Project 1: Feature Detection and Matching

Susumu Harada

Feature Descriptor

I implemented several descriptors to handle translation, rotation, and change in illumination, but in the end only the translation descriptor ended up being reliable (the illuminatino descriptor is built into it). In all discussion to follow, I am dealing with a grayscale version of the original image (grayscale conversion performed using the predefined method in Convert.cpp, although I had to change two places in cse576.cpp where the image object for the original photo is being initialized to use 4 bands instead of 3 so that ConvertToGray will accept it).

Design Choices

For implementing the Harris Corner Detector, I decided to use the corner response measure as outlined in the handout (det(M)/Trace(M)) as opposed to the one in the paper (det(M)-k*Trace(M)^2), and it made quite a significant difference in the number of insignificant features that were showing up. For thresholding the corner response measure, I ended up using 0.003 after manual inspection of the values of the features I was seeing at various parts of the image (of course, I ended up changing this threshold quite a bit as I modified my Gaussian and derivative filters and etc.). From an implementation perspective, I chose to use the provided image libraries, which allowed for cleaner code but there was the downtime spent trying to debug the errors that were present.

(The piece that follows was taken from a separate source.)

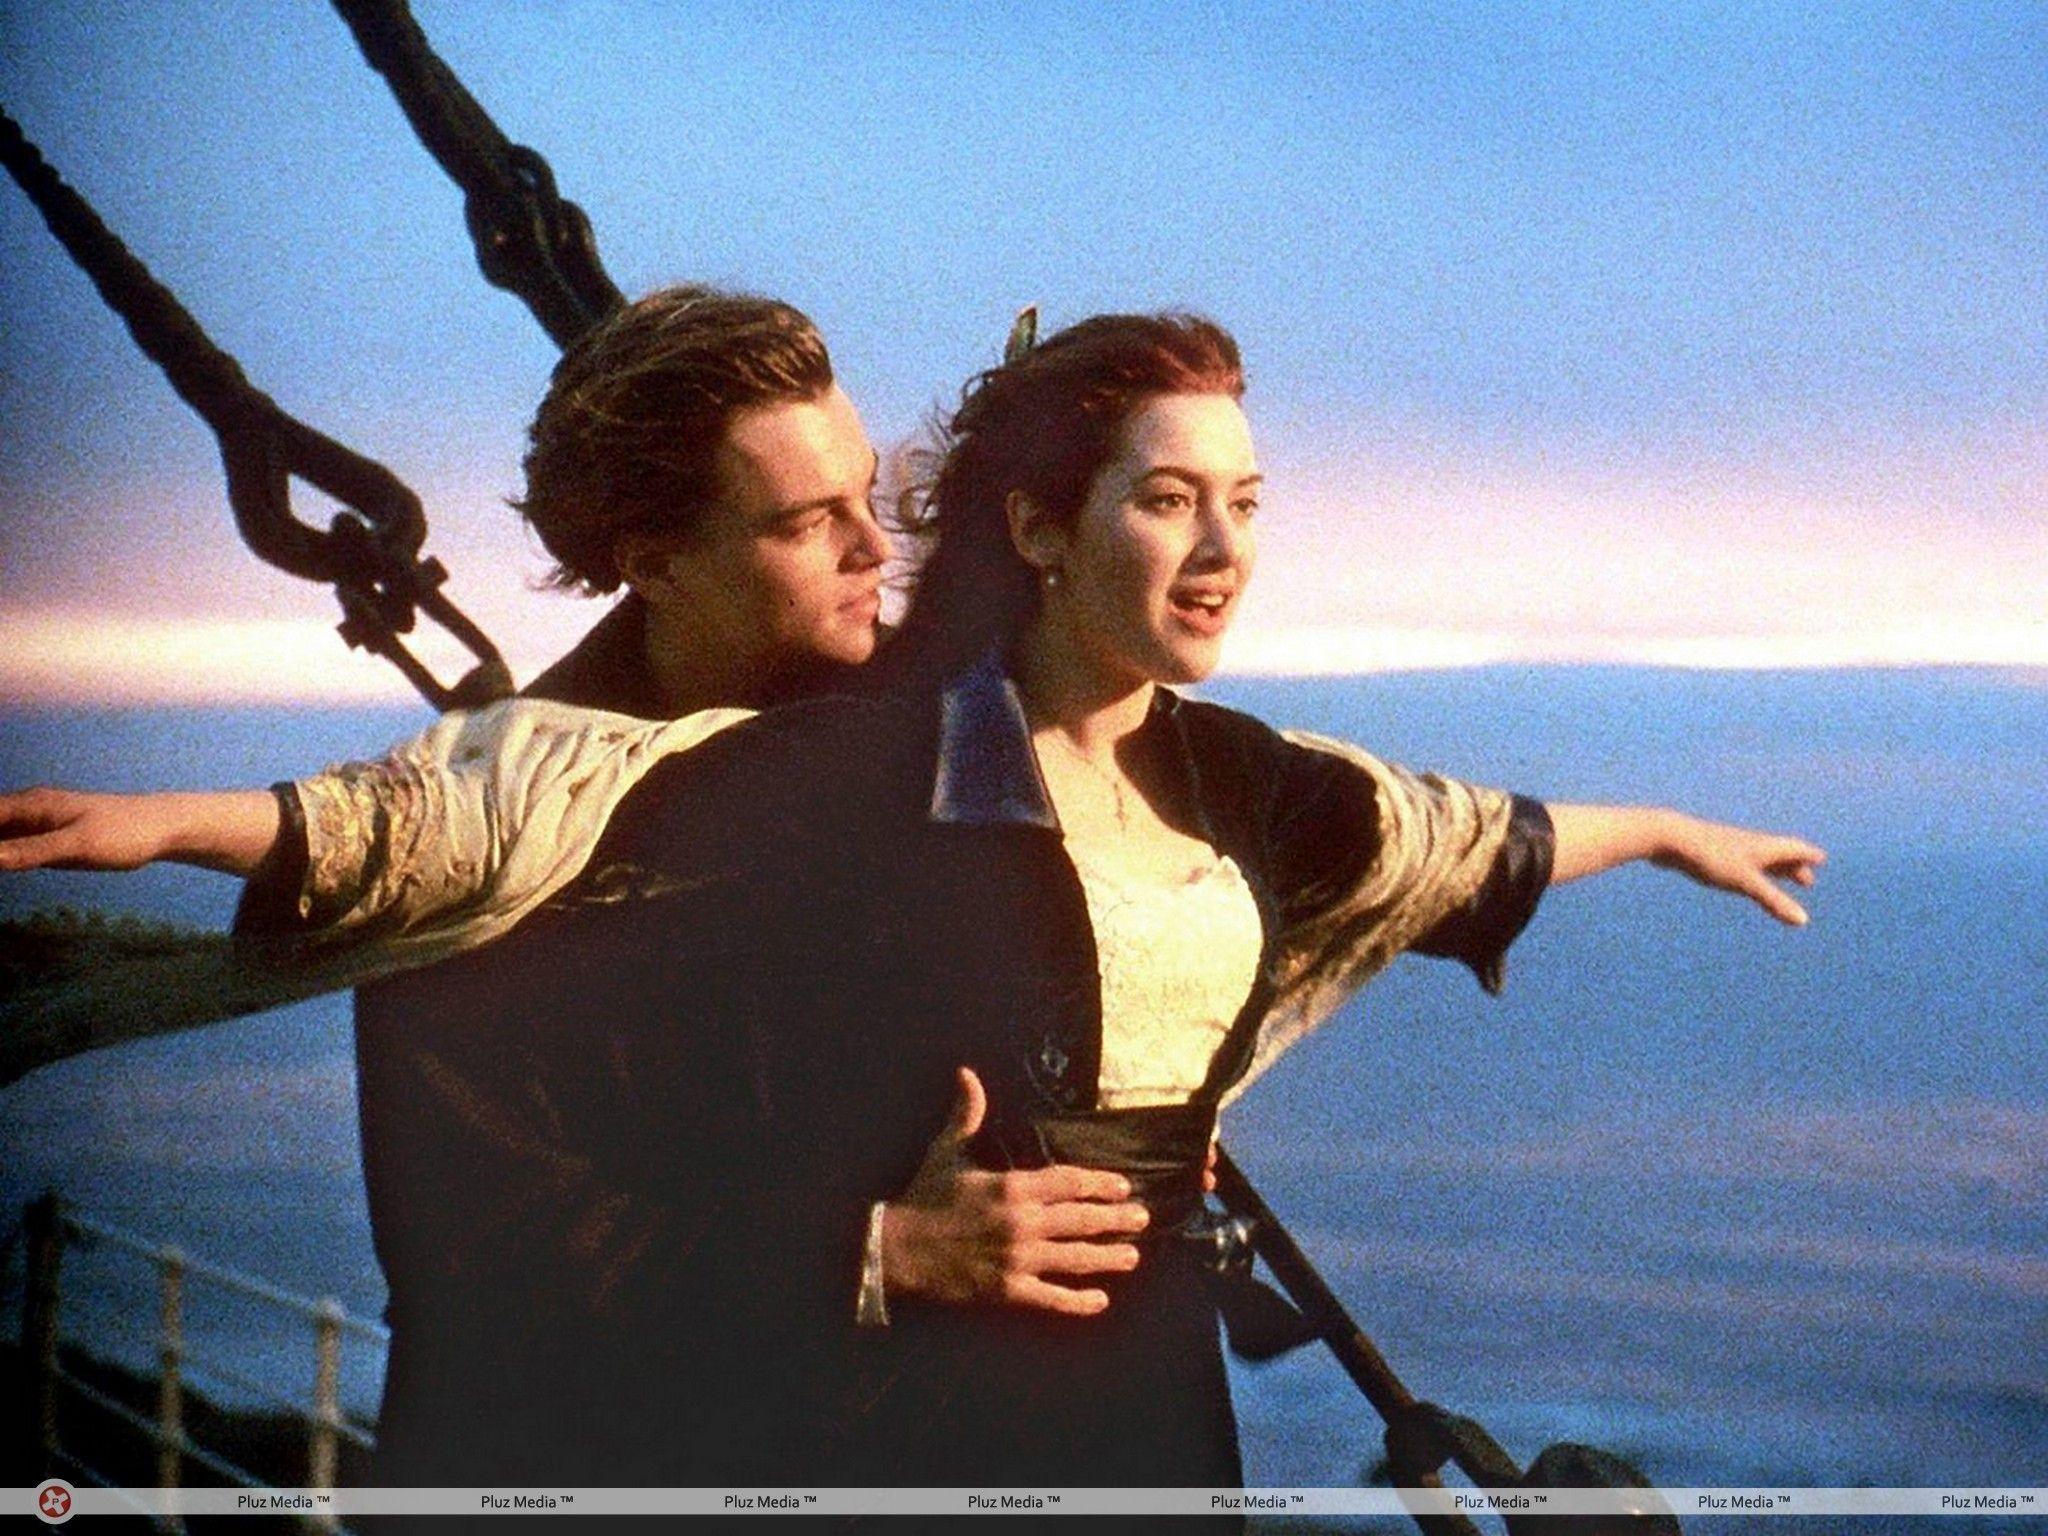 Titanic Movie Stills and Movie Wallpaper ilikewalls

I also used a local maxima thresholding to keep the number of immediately adjacent features low. After I get a list of features that passed the corner response measure threshold test, I sort them in descending order of the response measure and starting from the top, keep accepting a feature if it is farther than 10 pixels away from the already accepted set of features.

It was interesting how trying to use binning of the relative gradient orientation around a feature point lead to quite a bit of degraded performance. I expected it to perform equally well for handling translation, but the features were matching at quite a dispersed set of locations. I have not figured out whether this is due to simply an incorrect implementation, or whether there indeed is something about the features that are detected that cause them to be an actual likely match.

Performance

Below is the summary of performance of the simple window descriptor, my own discriptor, and SIFT features. Surprisingly, the scores came out much worse than I had expected for SIFT, and also for my own descriptor, given that through the interaction with the UI, features seem to get matched up much more accurately compared to the simple window descriptor. (I could not compare against the graf data set since the benchmark returned infinity for both of my two descriptors). However, I am pretty certain that these numbers are not "correct" and that I have a bug somewhere in my code, as I have heard that SIFT should be on the order of 10 to 20 pixel error.

Average Error (pixels) Simple Window Descriptor My Own SIFT
graf
293.9
314.5
255.4
leuven
376.7
204.9
129.81
wall
375.7
232.8
268.8

Table 1: Benchmark results for the absolute thresholding feature matching routine.

Average Error (pixels) Simple Window Descriptor My Own SIFT
graf
308.7
319.4
286.5
leuven
417.9
377.1
363.6
wall
385.2
336.2
348.9

Table 2: Benchmark results for the ratio thresholding feature matching routine.

Strengths and Weaknesses

My corner detector seems to be working quite well, hitting almost all the corners and not detecting spurious features in flat regions or straight edges. I started out using a simple [-1 0 1] filter for my derivatives, but found that it was finding many diagonal edges, so after switching to the Sobel filter, the spurious edges went away.

I have not tweaked the threshold for the feature matching based on the ratio of the best two matches.

My Own Images

I was surprised that my features were able to match the rotated stadium fairly well, even though I do not have a robust rotation invariance handling method. As expected, the tree leaves area did not match so well, and I expected the tree tops in the horizon to match better as well.